Preferred growing conditions:
- Both annual and perennial Sunflower varieties grow easily in all types of soil including clay.
- Plant in full, hot sun.
- Sunflowers do not need to be mulched, but when planted in a garden with other plants that are mulched, they amenable to most common types of mulch including crushed gravel in xeriscapes.
- Perennials like Helianthus maximiliana and its hybrids are xeric (waterwise). After becoming well established by their second growing season they do best with deep but infrequent watering. Too much water makes them tall and floppy; it’s best to grow them on the dry side.
- Annual types need regular irrigation when there has been no rain.
- Perennial types just need a few handfuls of compost and Yum Yum Mix in the planting hole to get them off to a good start.
- Annual types benefit from more extensive soil preparation and will grow more vigorously when the soil has rototilled or dug to a depth of 8 to 12 inches and enriched with ample compost and Yum Yum Mix.
- Undaunted® Lemon Max hybrid perennial sunflower sets a lot of seed. If re-seeding is not desirable, it should be deadheaded shortly after blooming has finished to reduce the number of volunteer seedlings.
- Maximilian sunflower varieties are very vigorous growers that spread via underground roots. They should not be planted in flower beds with good soil as they will crowd out their neighbors; they are best planted in poor soil sites along fences, empty walls and other peripheral areas where their large size is an advantage.

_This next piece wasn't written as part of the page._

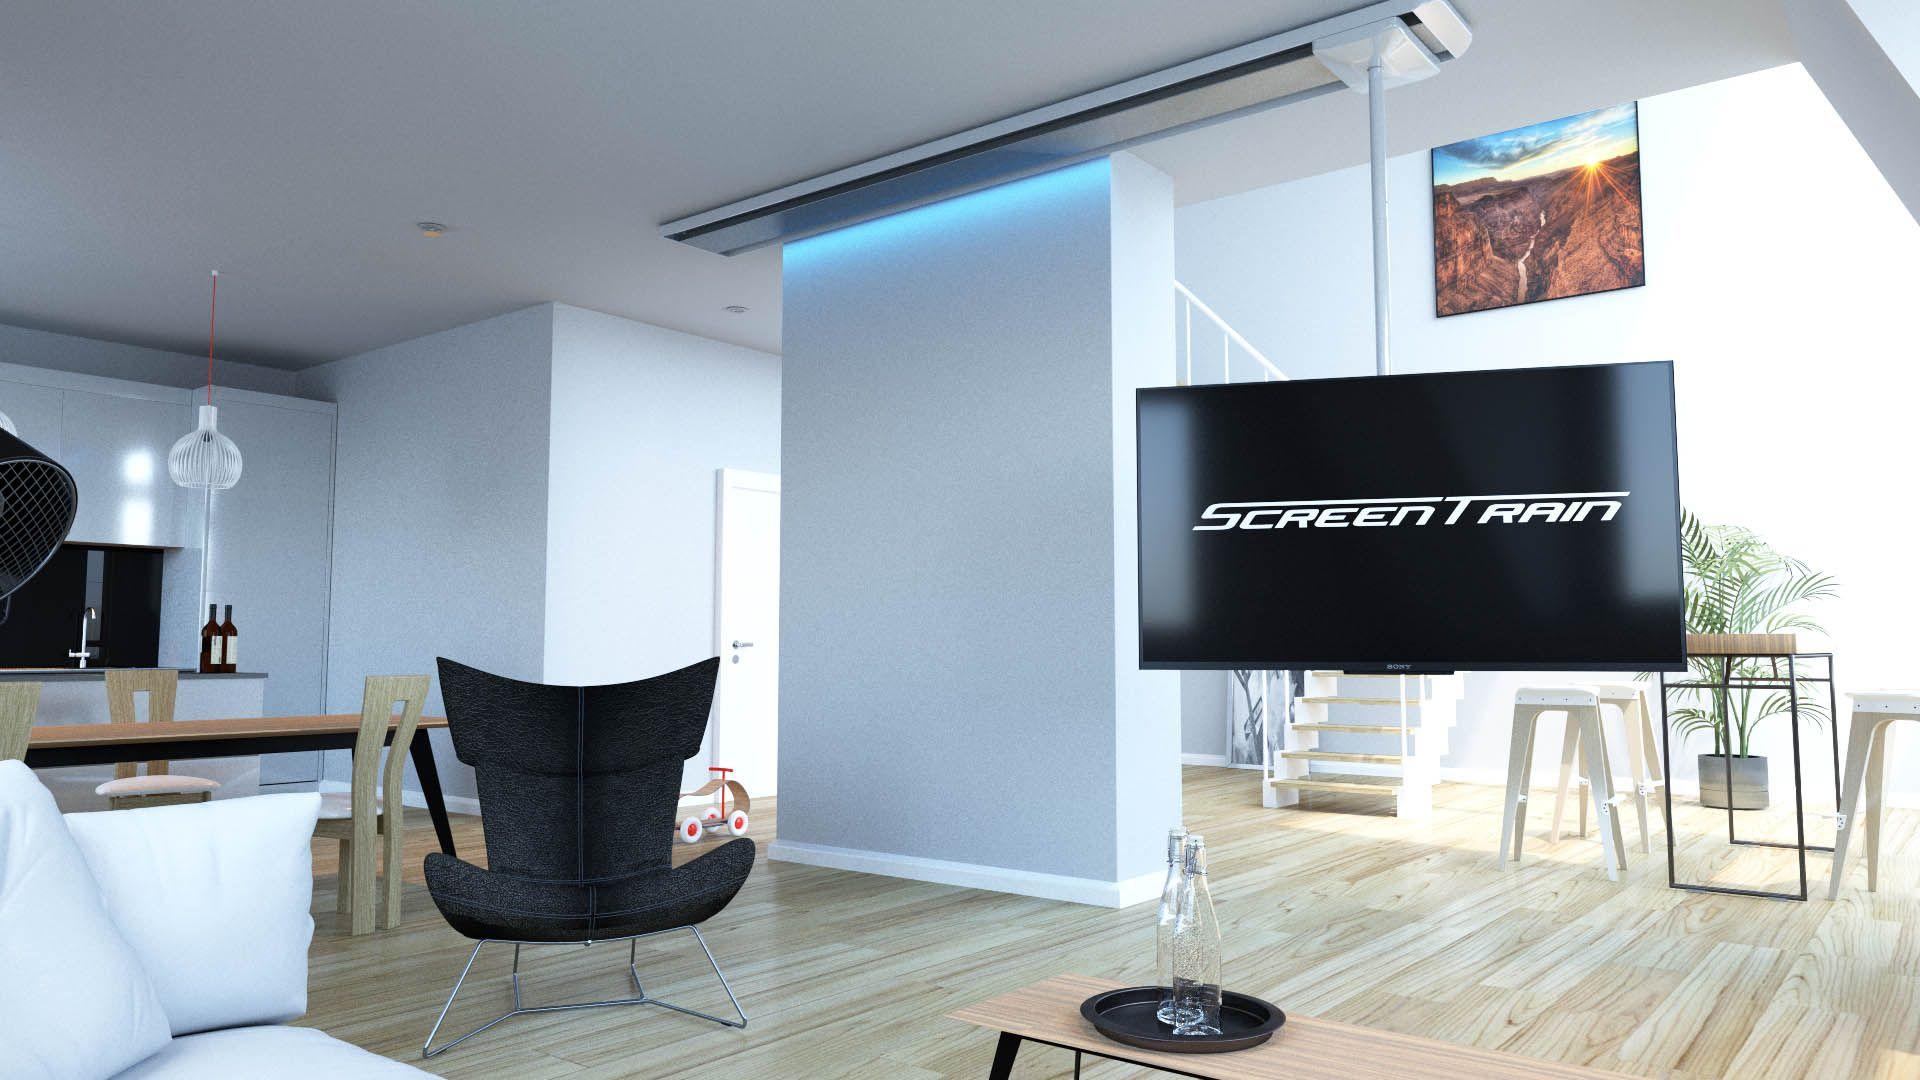 Tv Halterung Fur Decke Verschiebbar Drehbar Neigbar Mit Optionaler Led Beleuchtung Tv Ceiling Mount Tv Halterung Tv Halterung Decke Tv Halterung Schwenkbar

- Sunflower seeds are a favorite food of many songbirds, so don't deadhead the plants after blooming.
- Leave perennial plants standing over the winter and cut them back hard to a height of 1-2" in early to mid-spring.
- Perennial varieties are easily divided in the spring to propagate additional plants or keep them in bounds if they grow too wide.
- The seed of annual varieties should be planted when the soil begins to warm up in late spring. Sow seeds at the same time when planting corn in your area.